Read The Paper Men Page 17


  “I didn’t know.”

  “You’re not a day older. Boozing, wenching, living it up—”

  “Only boozing. And that—”

  “Oh shut up. Of course you will again. The thing is, I need someone. That’s the fact of the matter and I won’t penalize Emmy, not any more. You know? Well. You don’t.”

  “Not really.”

  “Then I had my great idea. I got hold of Thomas and bullied your poste restante out of him. I thought I’ll get Wilf home if it’s humanly possible. He’s no idea of caring for other people but he’s too bloody weak to scarper. It’s blackmail, you see.”

  “This is where we left off only backwards. More or less. Worse, perhaps.”

  “So it is.”

  Then we were silent again so you could hear the birds in the orchard and far off a whinny from the other end of the paddock. Elizabeth spoke in her natural, social voice, absurdly conventional.

  “Won’t you sit down?”

  “Well. Yes. If I may.”

  So there we were, our feet on the warm floor, both seated, one each side of the empty grate.
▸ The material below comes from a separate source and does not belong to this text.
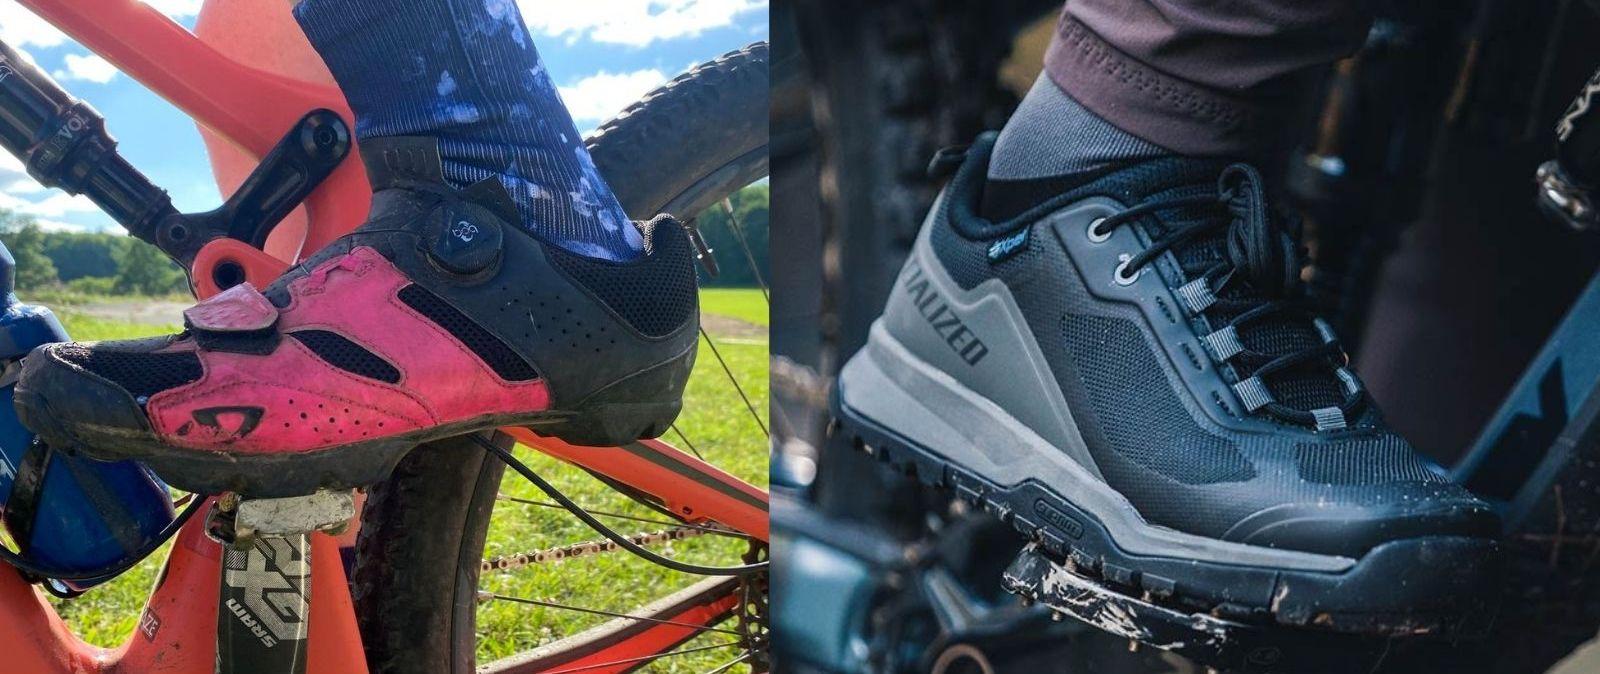 Best mountain bike shoe: clipless on left, flat on right

  “I’m sorry, Wilf. I didn’t mean it to be—I don’t know what I meant it to be.”

  “When you are better again—”

  “As you used to say, ha et cetera. Wilfred Barclay, the great consultant.”
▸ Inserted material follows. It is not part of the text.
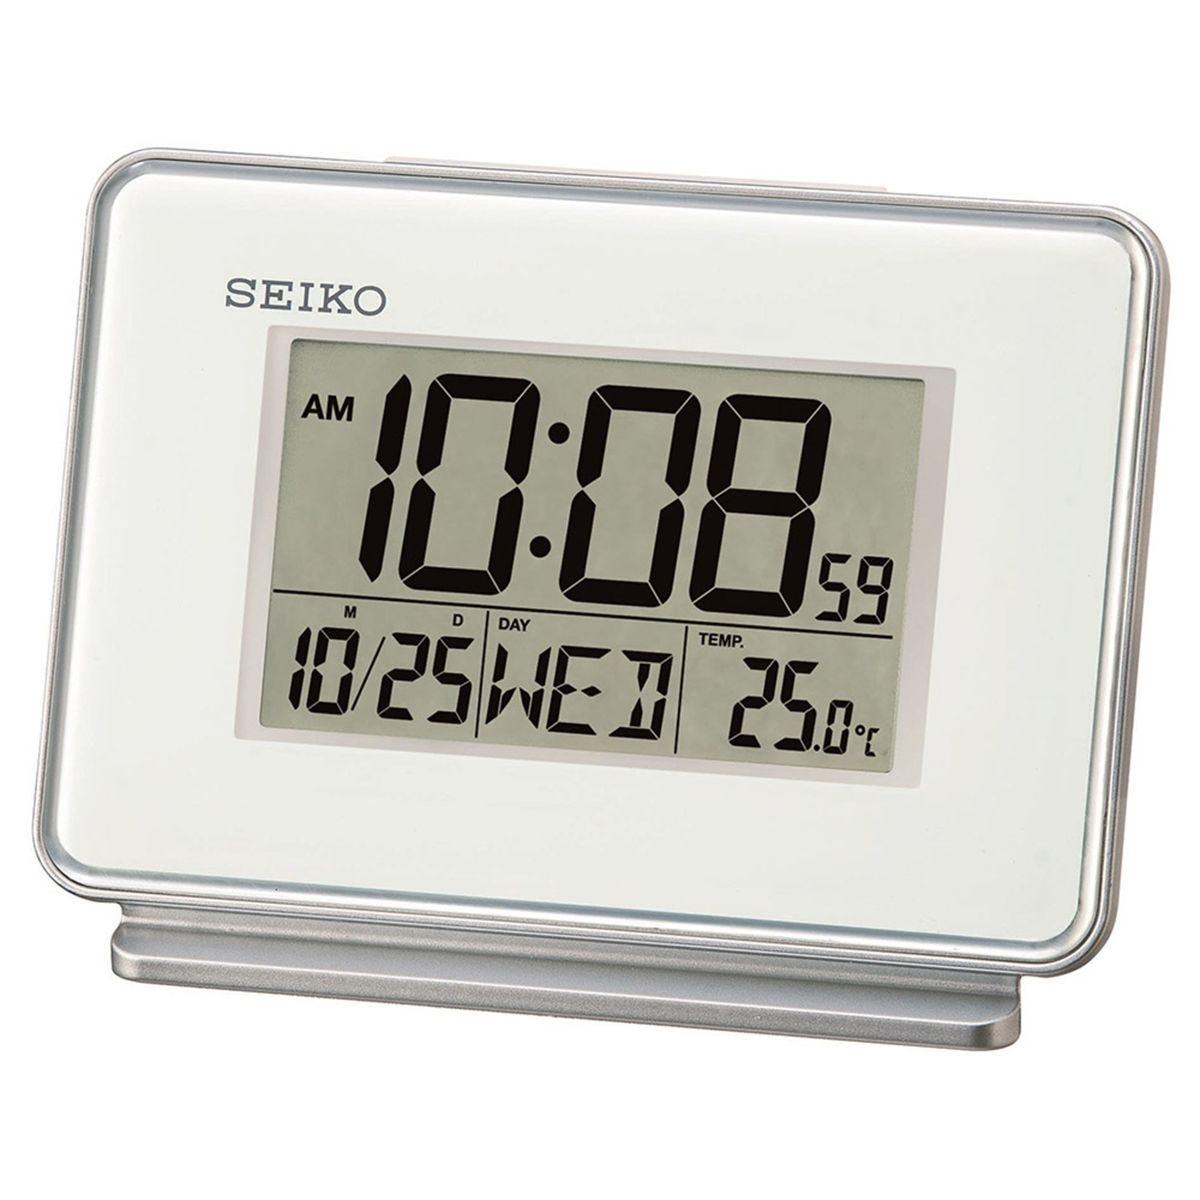 Seiko LCD Dual Alarm Calendar Clock - White

  “There must be something—”

  “There’s everything you want in the spare room. Use that bathroom. I use the back one, have all my things there. Mrs Wilson’ll cook. Or you can go out. All the pubs do reasonable food these days. I can’t stand cooking.”

  “Feed you up.”

  “I don’t eat.”

  “You should.”

  “Don’t you know anything? Haven’t you seen anything?”

  “The war—”

  “God, the injustice of it! You booze and wench and lie and cheat and exploit and posture like a— I’ve put you to bed, lied for you, covered up for you—and I get cancer just as if I’d boozed away every year of my life!”

  There was nothing to say. The shadows of the evening had crept right across the room. Facing me was a blur of brown skull with black eye sockets.

  “You always were good at silences, weren’t you, Wilf?”

  “It was more a case of you not giving me a chance to speak.”

  “That’s a good one! It goes far to restore my belief in your rottenness. Well. Soon you’ll be able to talk with no one to interrupt. Happy?”

  I said nothing, did nothing. As so often, to speak the truth was impossible; for I was happy indeed—had remained happy ever since the dream. Nothing could alter that, not even poor Liz. The truth was shameful and it was too late to learn compassion or find another dog.

  There was too much silence. I broke it at last.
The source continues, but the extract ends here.